» **DIRECTIONS FOR THIS TASK**:
Give back the full listing, character for character, with no pictures.

» **AVAILABLE DATA**:
------------------------------------------------

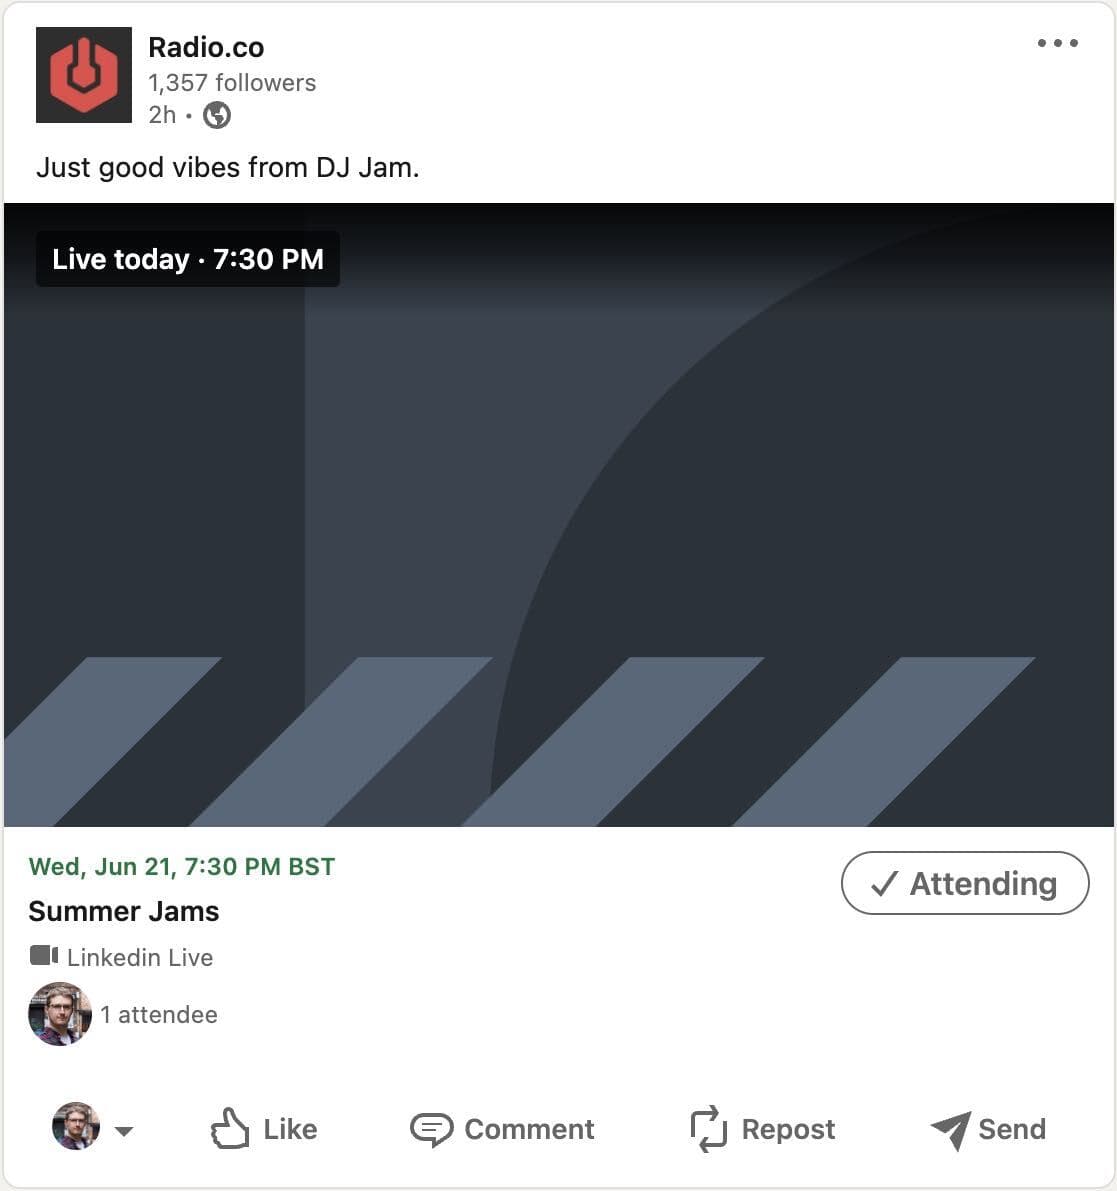 A scheduled event on LinkedIn.
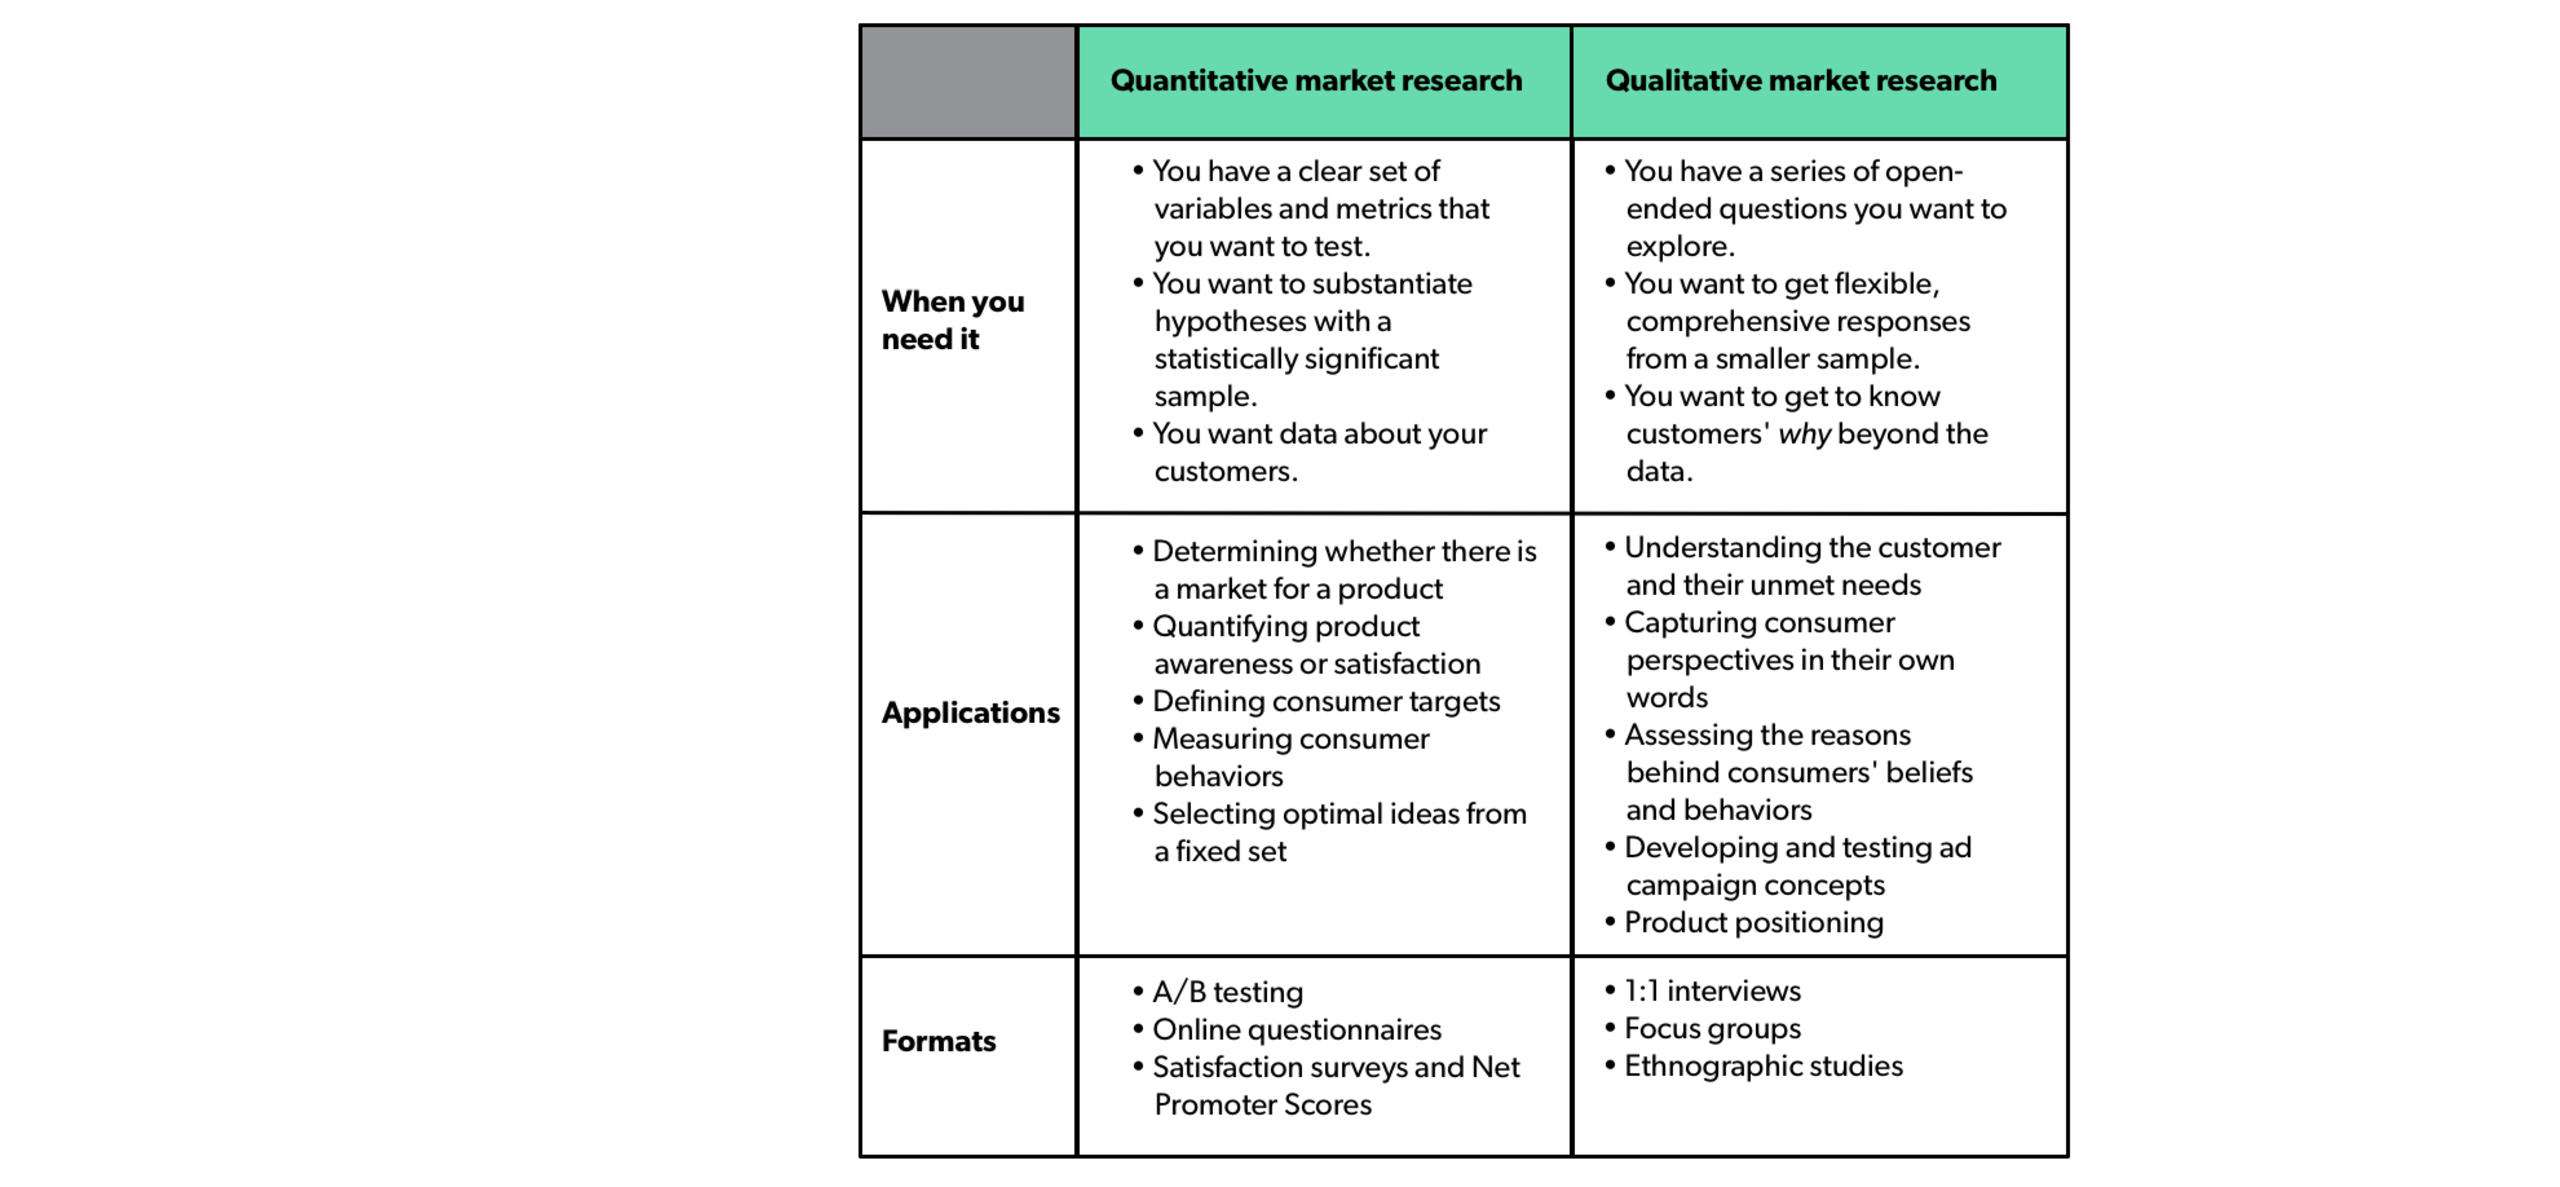 Why Qualitative Market Research matters, How to Wield it Effectively
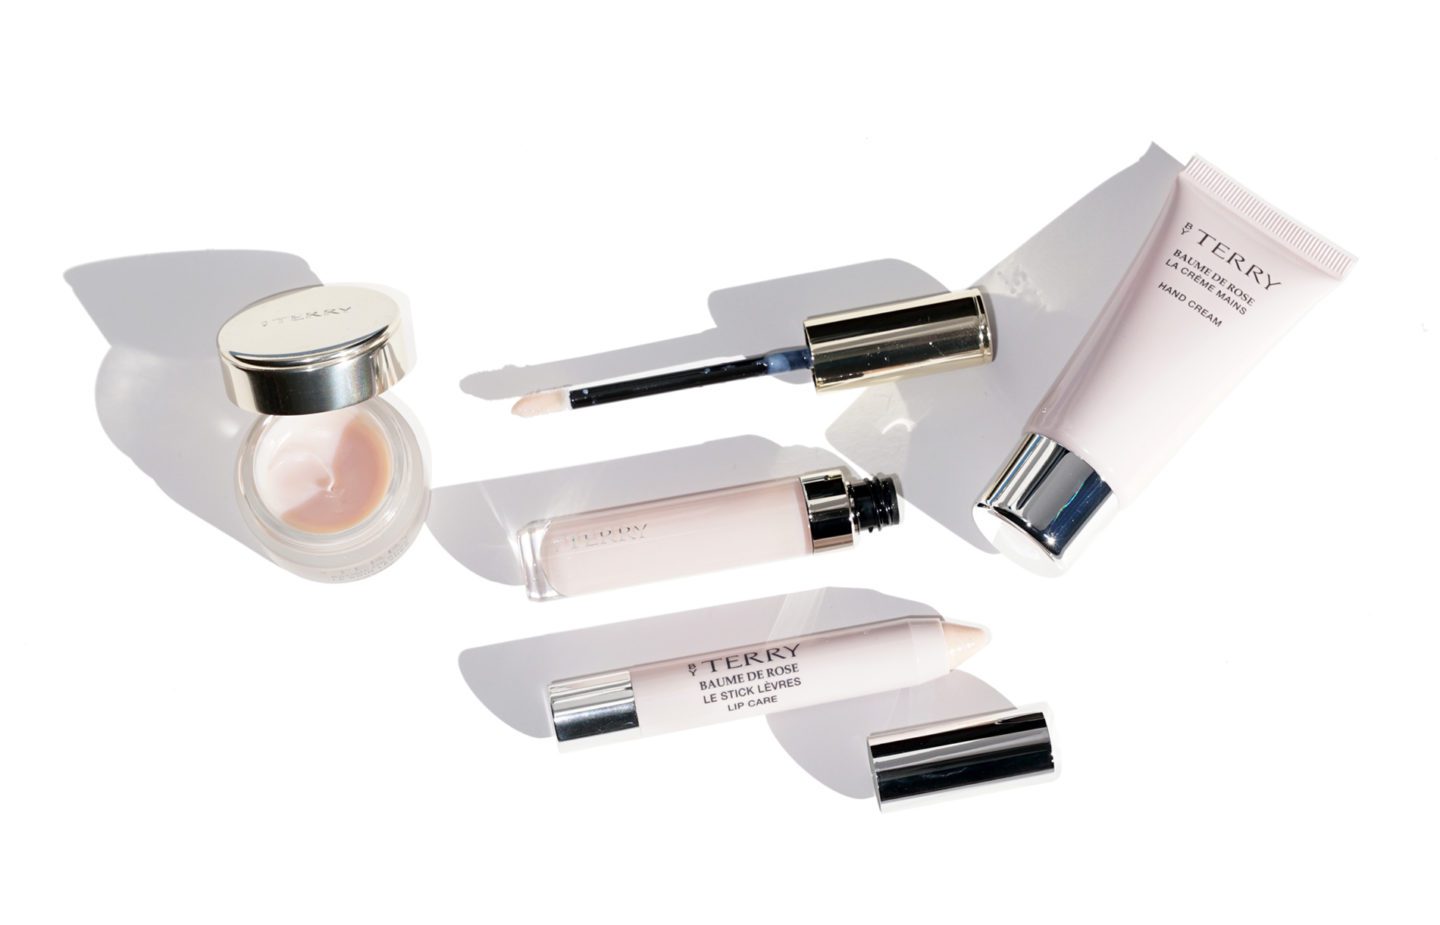 By Terry Baume de Rose Review and Overview, Original, Crystalline, Le Stick and Hand Cream

------------------------------------------------

» **RESPONSE**:
 A scheduled event on LinkedIn.
 Why Qualitative Market Research matters, How to Wield it Effectively
 By Terry Baume de Rose Review and Overview, Original, Crystalline, Le Stick and Hand Cream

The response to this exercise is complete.